I add a few words on the infinitive in English, though it has been well treated by Dr. March in his "Grammar of the Anglo-Saxon Language," by Dr. Morris, and others. We find in Anglo-Saxon two forms, one generally called the infinitive, nim-an, to take, the other the gerund, to nim-anne, to take. Dr. March explains the first as identical with Greek nem-ein and nem-en-ai, i.e., as an oblique case, probably the dative, of a verbal noun in an. He himself quotes only the dative of nominal bases in a, e.g. namanya, because he was probably unacquainted with the nearer forms in an-e supplied by the Veda. This infinitive exists in Gothic as nim-an, in Old Saxon as nim-an, in Old Norse as nem-a, in Old High German as nem-an. The so-called gerund, to nimanne, is rightly traced back by Dr. March to Old Saxon nim-annia, but he can hardly be right in identifying these old datival forms with the Sanskrit base nam-anya. In the Second Period of English (1100-1250)[35] the termination of the infinitive became en, and frequently dropped the final n, as smelle = smellen; while the termination of the gerund at the same time became enne, (ende), ene, en, or e, so that outwardly the two forms appear to be identical, as early as the 12th century.[36] Still later, towards the end of the 14th century, the terminations were entirely lost, though Spenser and Shakespeare have occasionally to killen, passen, delven, when they wished to impart an archaic character to their language. In modern English the infinitive with to is used as a verbal substantive. When we say, "Iwish you to do this," "you are able to do this," we can still perceive the datival function of the infinitive. Likewise in such phrases, "it is time," "it is proper," "it is wrong to do that," to do may still be felt as an oblique case. But we have only to invert these sentences, and say, "to do this is wrong," and we have a new substantive in the nom. sing., just as in the Greek to legein. Expressions like for to do, show that the simple to was not always felt to be sufficiently expressive to convey the meaning of an original dative.

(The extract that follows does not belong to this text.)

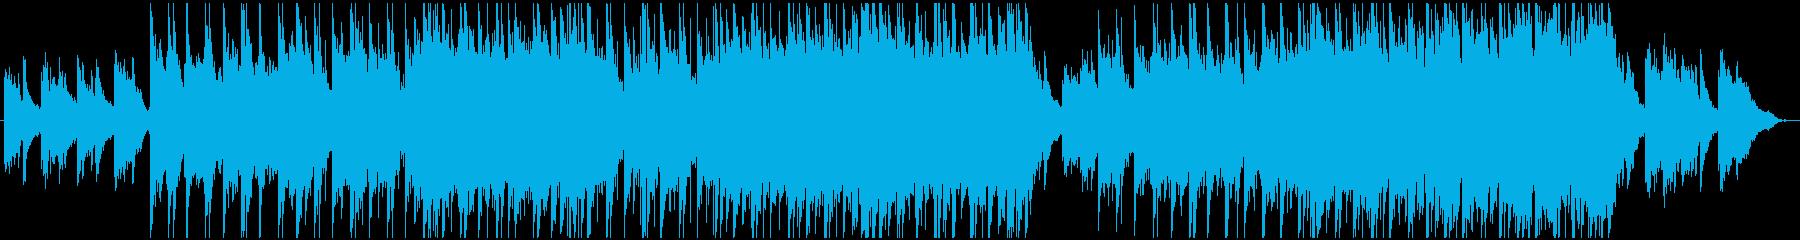 記憶に残るメロディーのエレクトロニックミの再生済みの波形
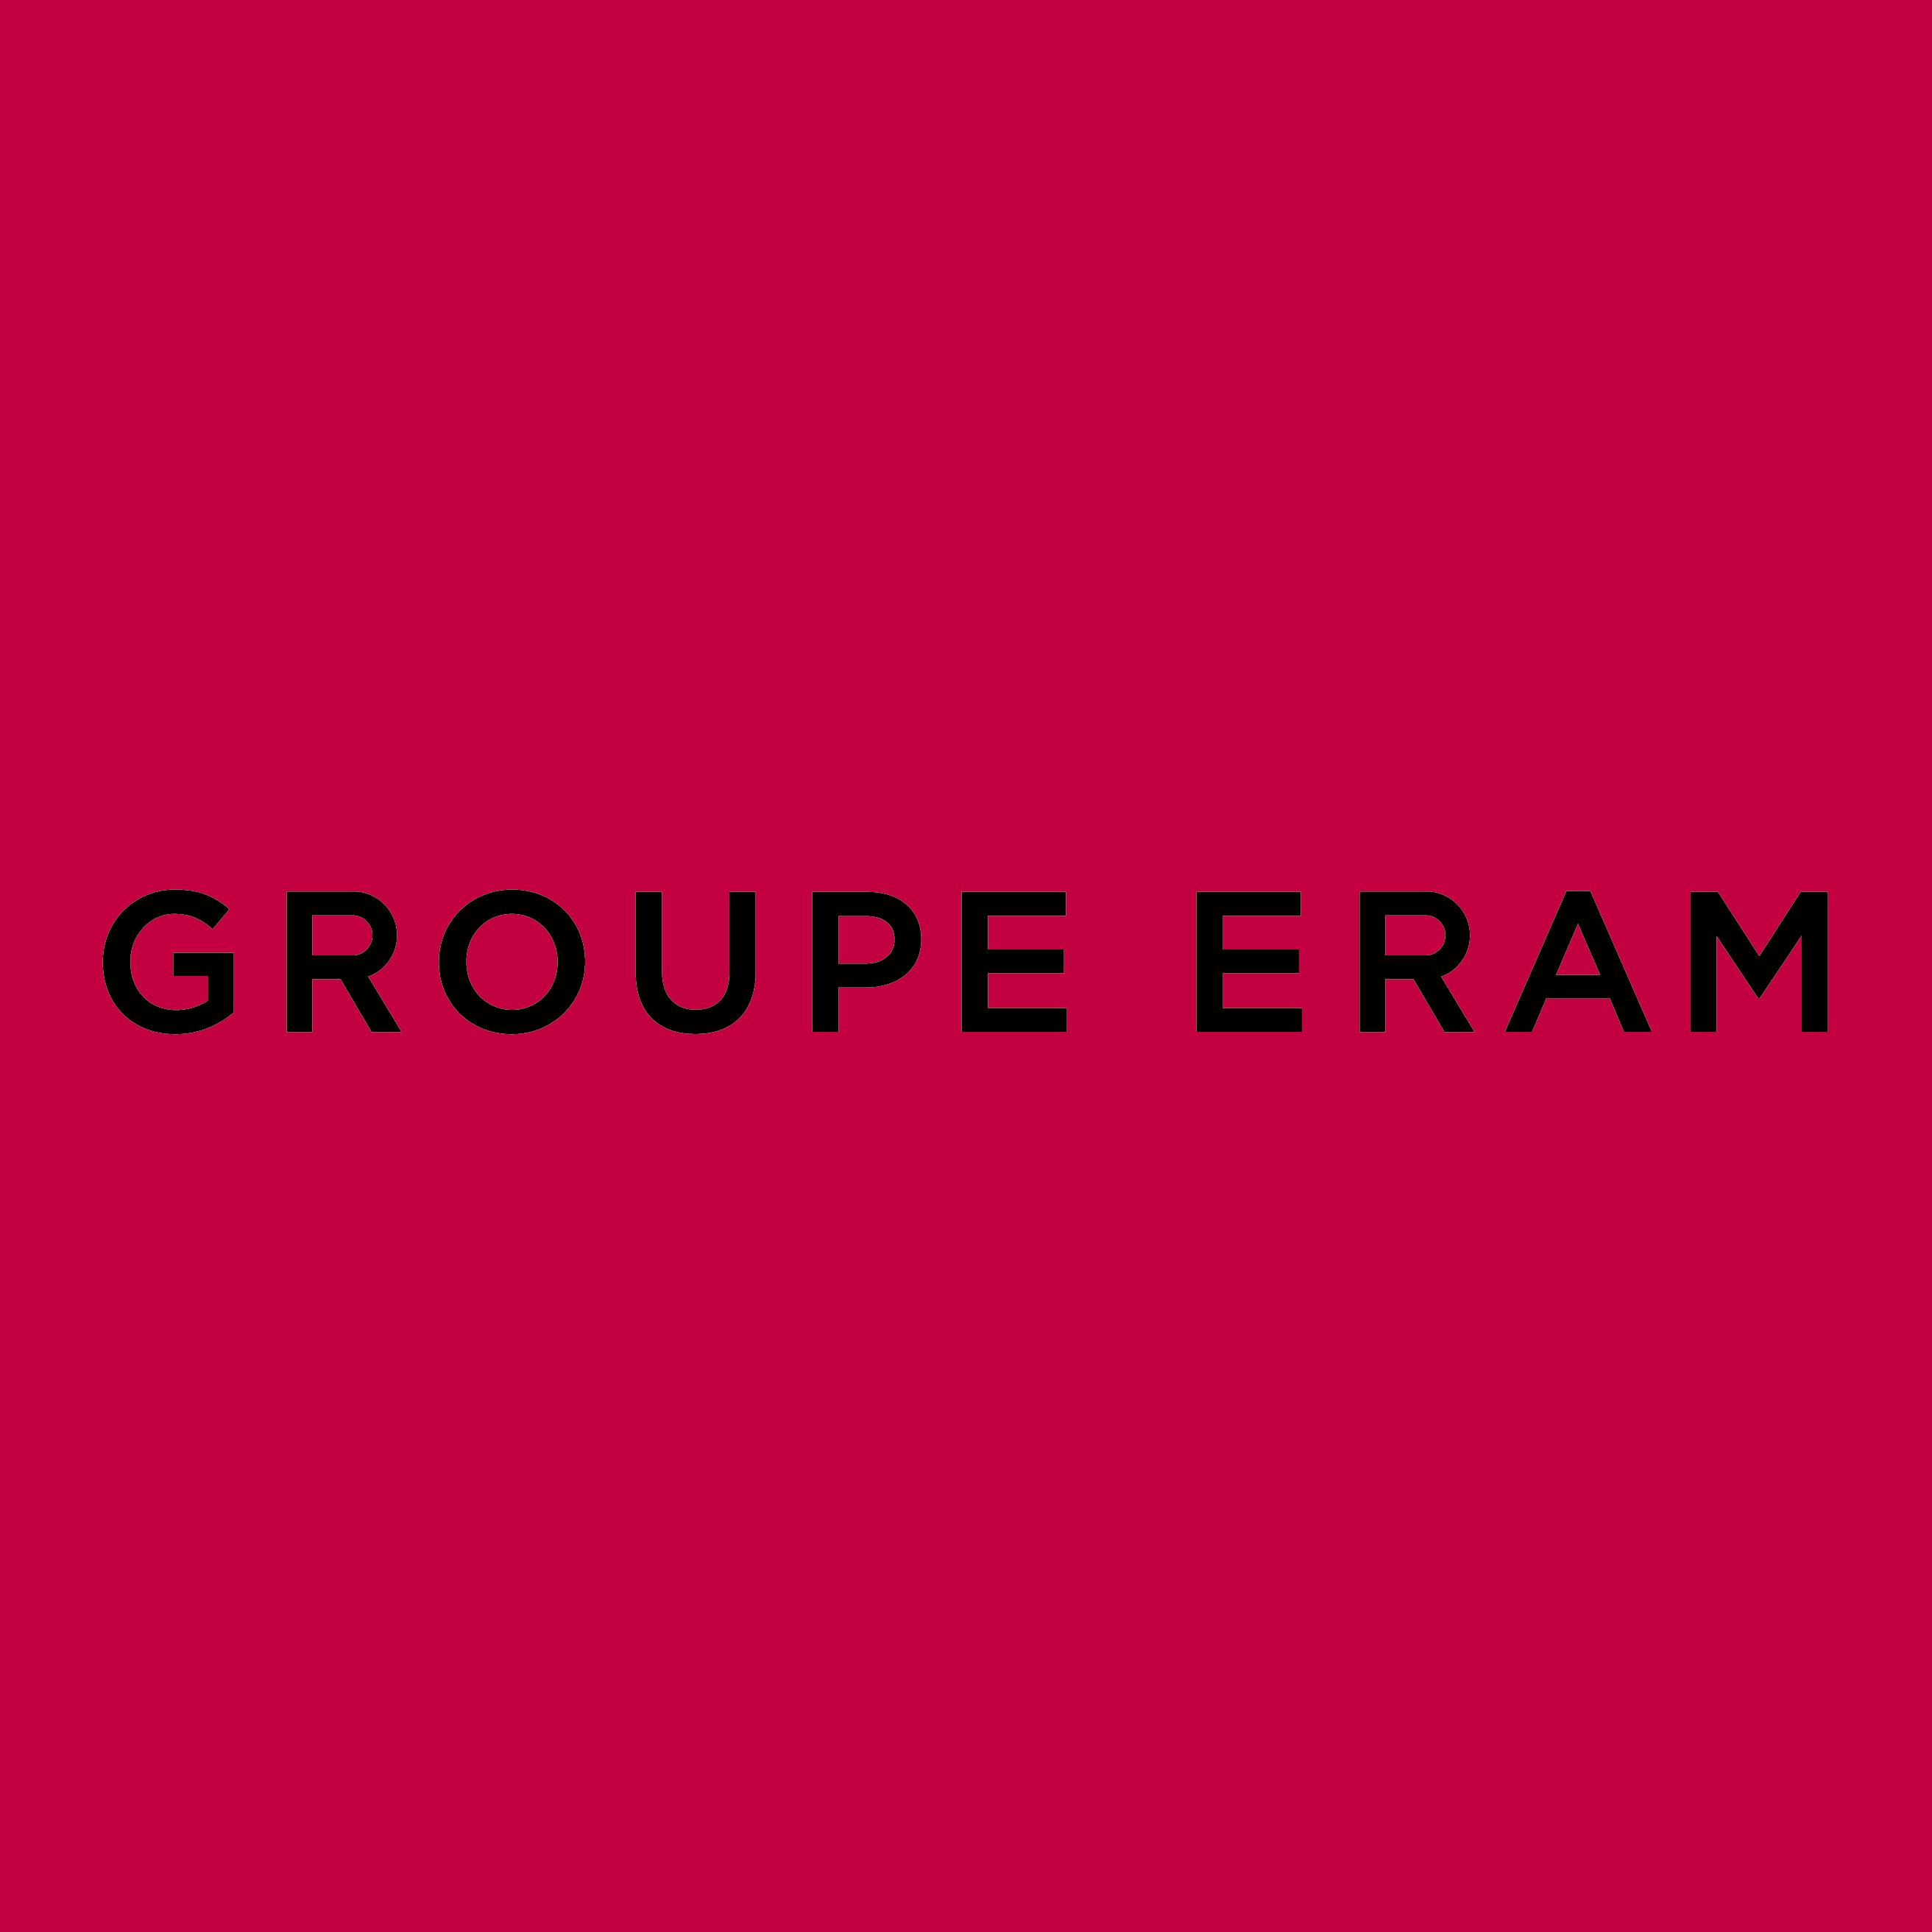 GROUPE-ERAM

The infinitive has formed the subject of many learned treatises. Idivide them into two classes, those which appeared before and after Wilhelm's excellent essay, written in Latin, "De Infinitivi Vi et Natura," 1868; and in a new and improved edition, "De Infinitivo Linguarum Sanscrit, Bactric, Persic, Grc, Osc, Umbric, Latin, Gotic, forma et usu," Isenaci, 1873. In this essay the evidence supplied by the Veda was for the first time fully collected, and the whole question of the nature of the infinitive placed in its true historical light. Before Wilhelm the more important works were Hofer's book, "Vom Infinitiv, besonders im Sanskrit," Berlin, 1840; Bopp's paragraphs in his "Comparative Grammar;" Humboldt's paper, in Schlegel's "Indische Bibliothek" (II.74), 1824; and his posthumous paper in Kuhn's "Zeitschrift" (II.245), 1853; some dissertations by L.Meyer, Merguet, and Golenski. Benfey's "Sanskrit Grammar" (1852), too, ought to be mentioned, as having laid the first solid foundations for this and all other branches of grammatical research, as far as Sanskrit is concerned. After Wilhelm the same subject has been treated with great independence by Ludwig, "Der Infinitif im Veda," 1871, and again "Agglutination oder Adaptation," 1873; and also by Jolly, "Geschichte des Infinitivs," 1873.

I had myself discussed some questions connected with the nature of the infinitive in my "Lectures on the Science of Language," vol. ii. p.15 seq., and I had pointed out in Kuhn's "Zeitschrift," XV. 215 (1866) the great importance of the Vedic vayodhai for unraveling the formation of Greek infinitives in s-thai.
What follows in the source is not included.